1

So I am trying to compare two char arrays, and all letters that are present in keyW, should be removed from the array invAlphabet. I have been able to find the duplicates inside the invAlphabet array, however, I don't know how to remove the duplicate elements without using Lists or Collections which I should not use... Any idea?

public static void main(String[] args)
{
    final int SIZE = 26;
    char[] keyW = {'A', 'L','O'};

    char[] invAlphabet = new char [SIZE];


    for (int i = 0; i < SIZE; i++)
    {
        invAlphabet[i] = (char)('Z' - i);

    }



    for (int i = 0; i<keyW.length; i++)
    {
        for (int j = 0; j < invAlphabet.length; j++)
        {
            if(keyW[i] == invAlphabet[j])
            {
                //need to delete the invAlphabet[j] elements that are duplicates
                System.out.println(invAlphabet[j]);
                System.out.println(j);
                break;

            }

        }
    }

}
3
  • 2
    What do you mean by "remove" in the context of an array - you can't resize arrays.
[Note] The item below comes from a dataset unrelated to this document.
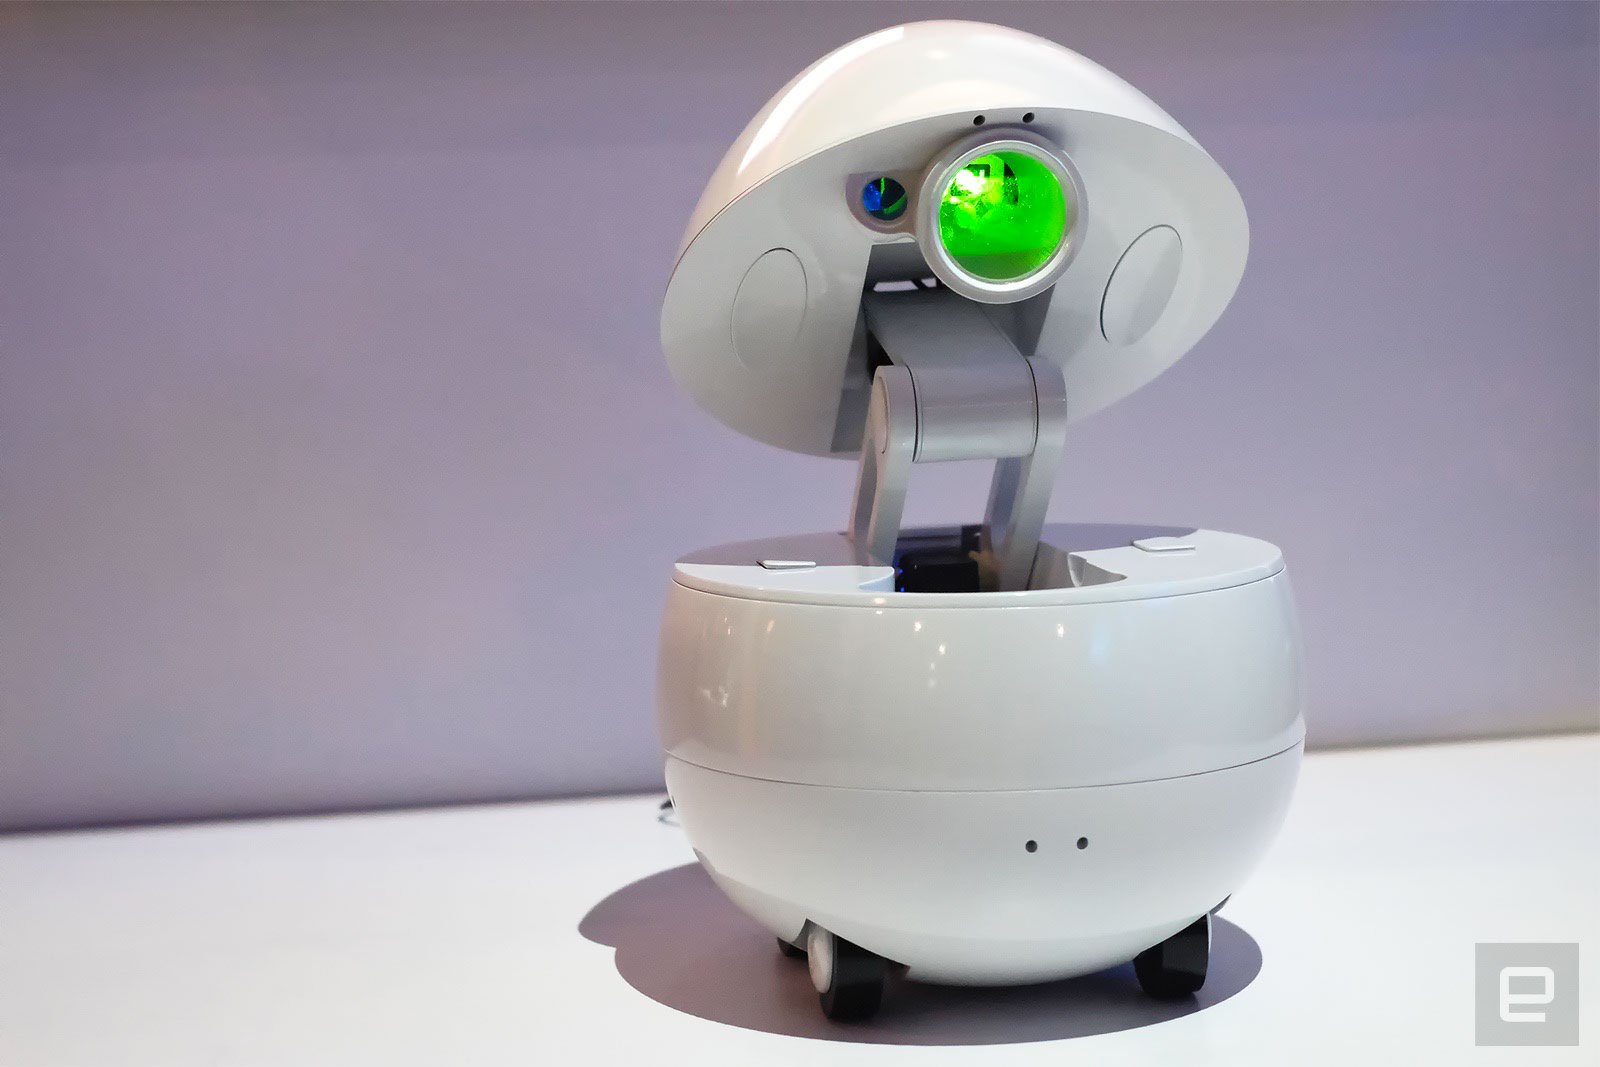 Panasonic's companion robot
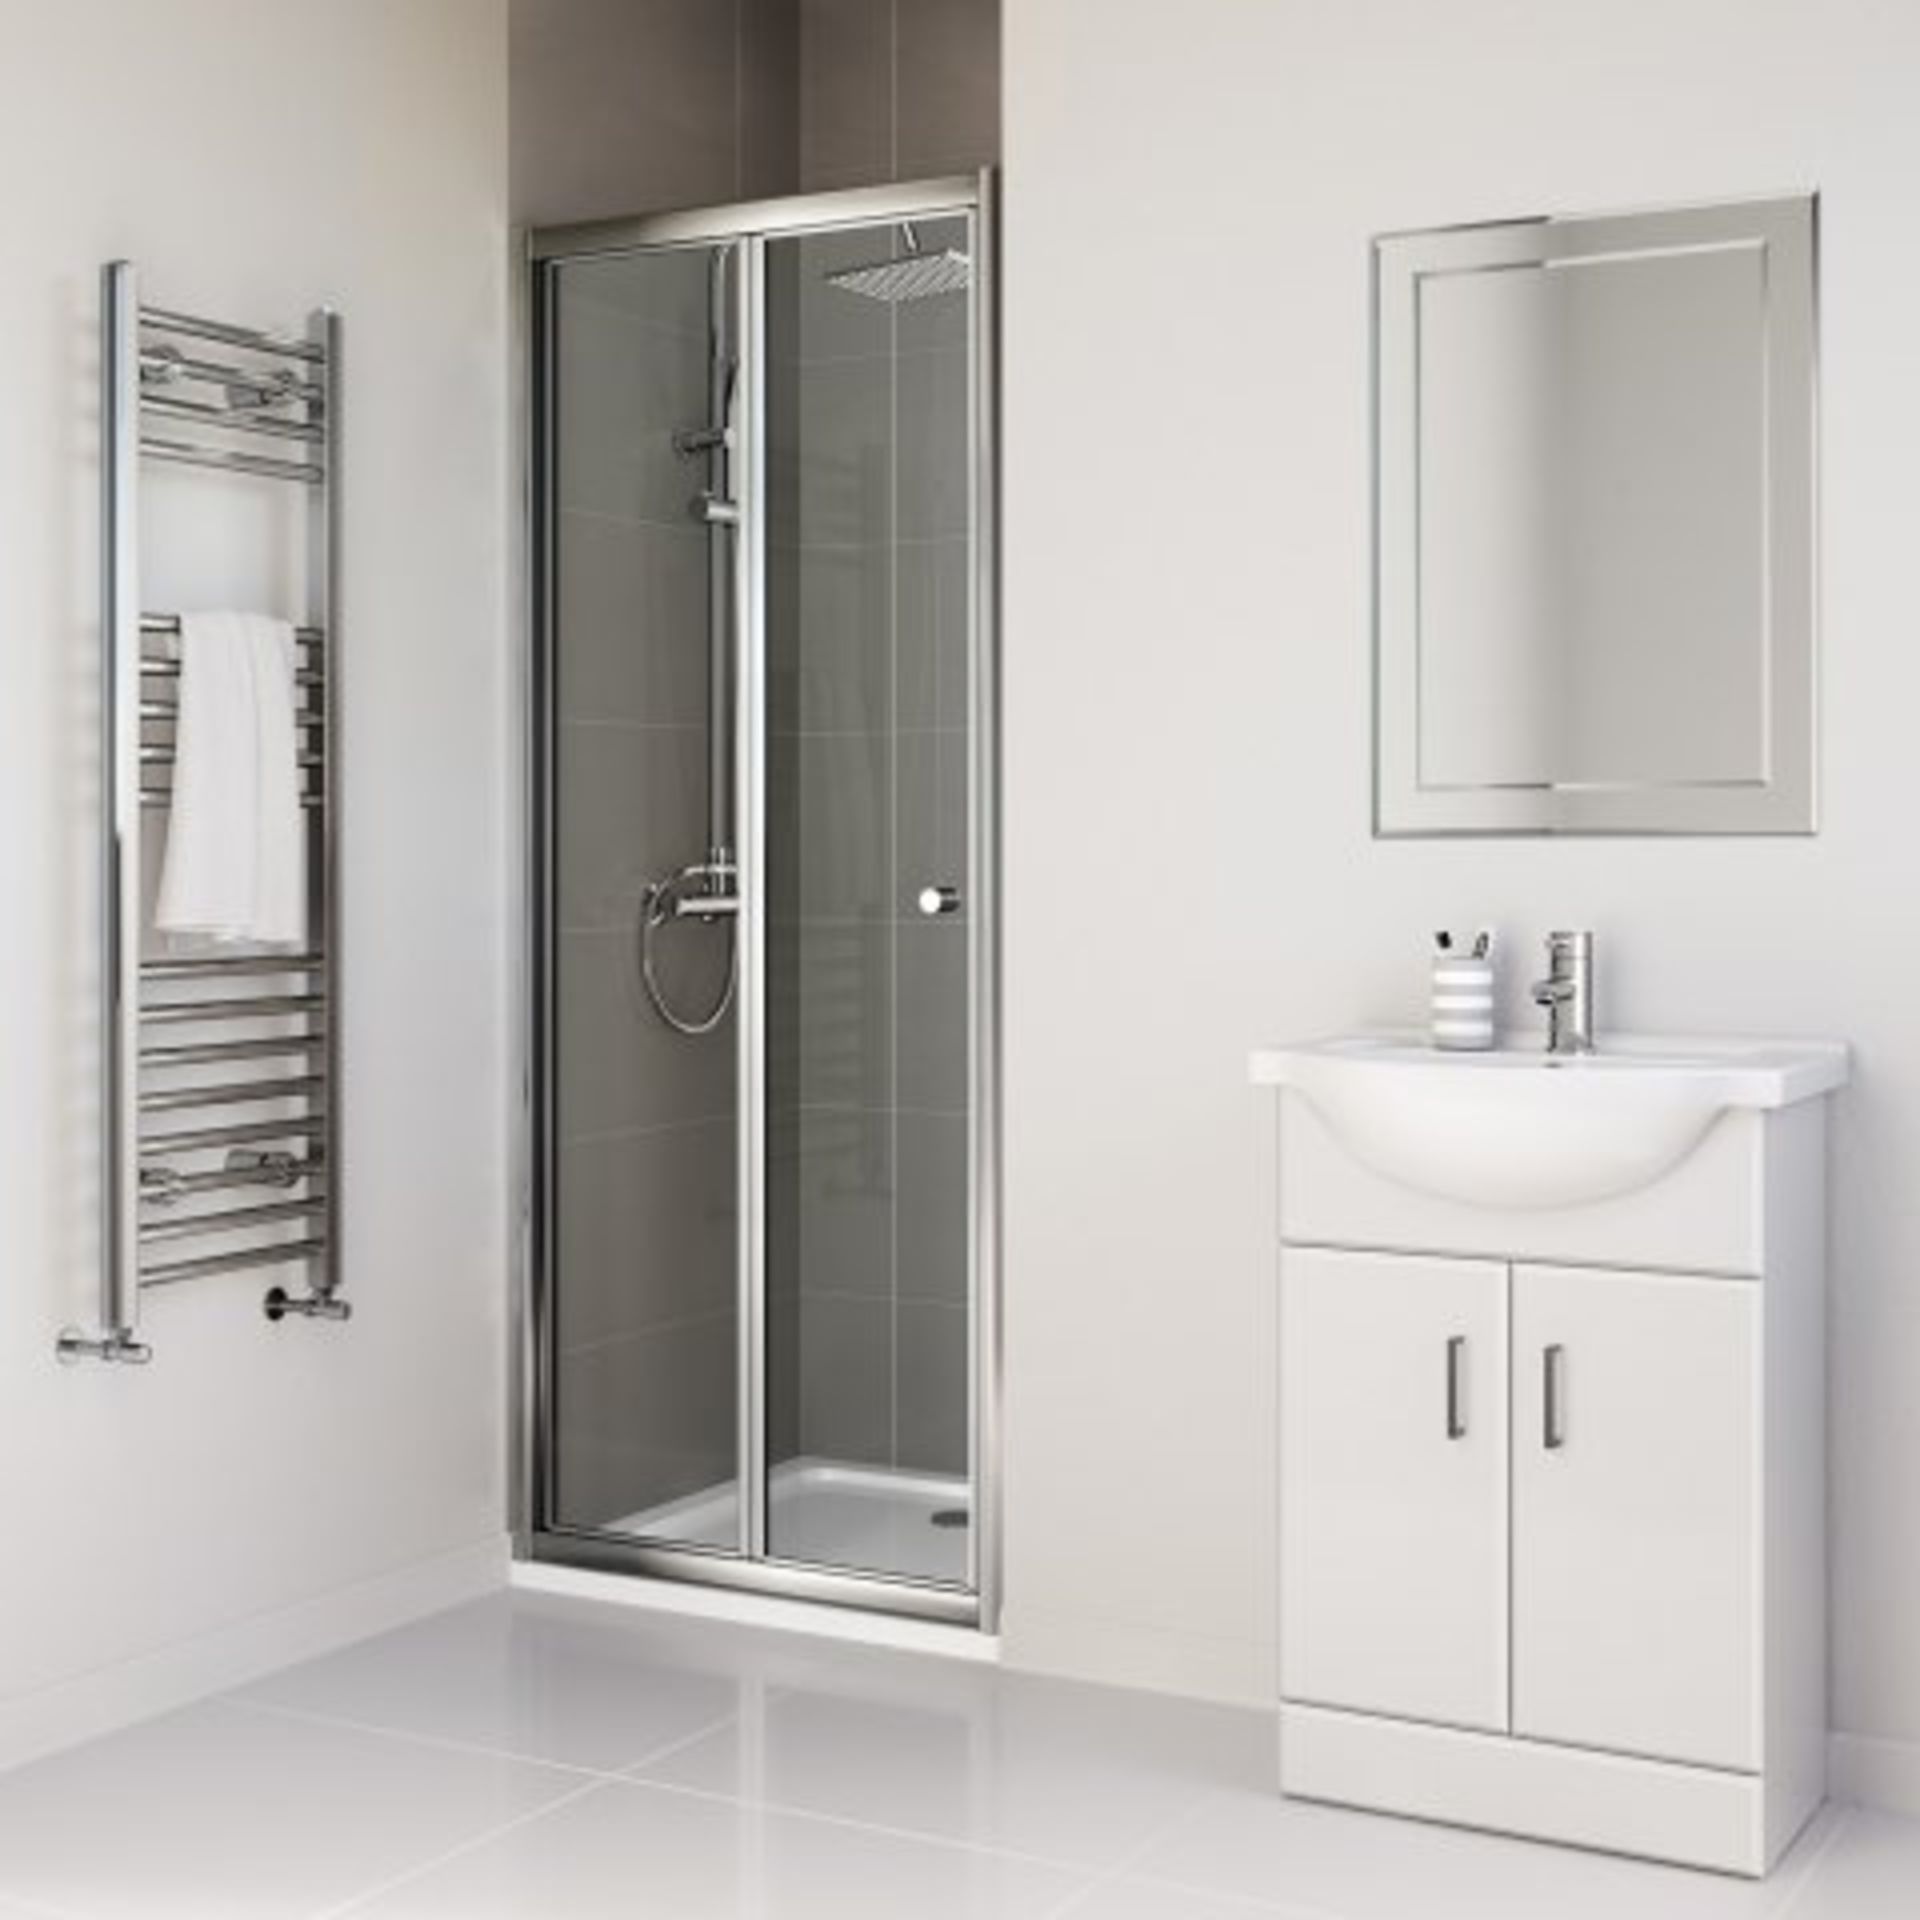 (N119) 900mm - Elements Bi Fold Shower Door. RRP £299.99. Budget Solution Our entry level range of - Image 3 of 3

Do you mean to create a new array with only certain elements in it? Do you need to preserve ordering? Commented Nov 26, 2016 at 21:16
  • (If you don't need to preserve ordering, sort the two arrays and just iterate through them, looking for common elements). Commented Nov 26, 2016 at 21:17
  • @AndyTurner Yes. I want to create a new invAlphabet but without the elements that are present in the keyW array. invAlphabet is a sorted array that contains the alphabet letters inverted (Z-A). So after taking out the A, L and O letter, the new invAlphabet array should be in the order Z-B without A , L or O present. Commented Nov 26, 2016 at 21:21

4 Answers 4

1

If you want to solve it in O(n), then you can mark all the character That are present in keyW[] array, and then check and don't add them to your new noDuplicateArray[].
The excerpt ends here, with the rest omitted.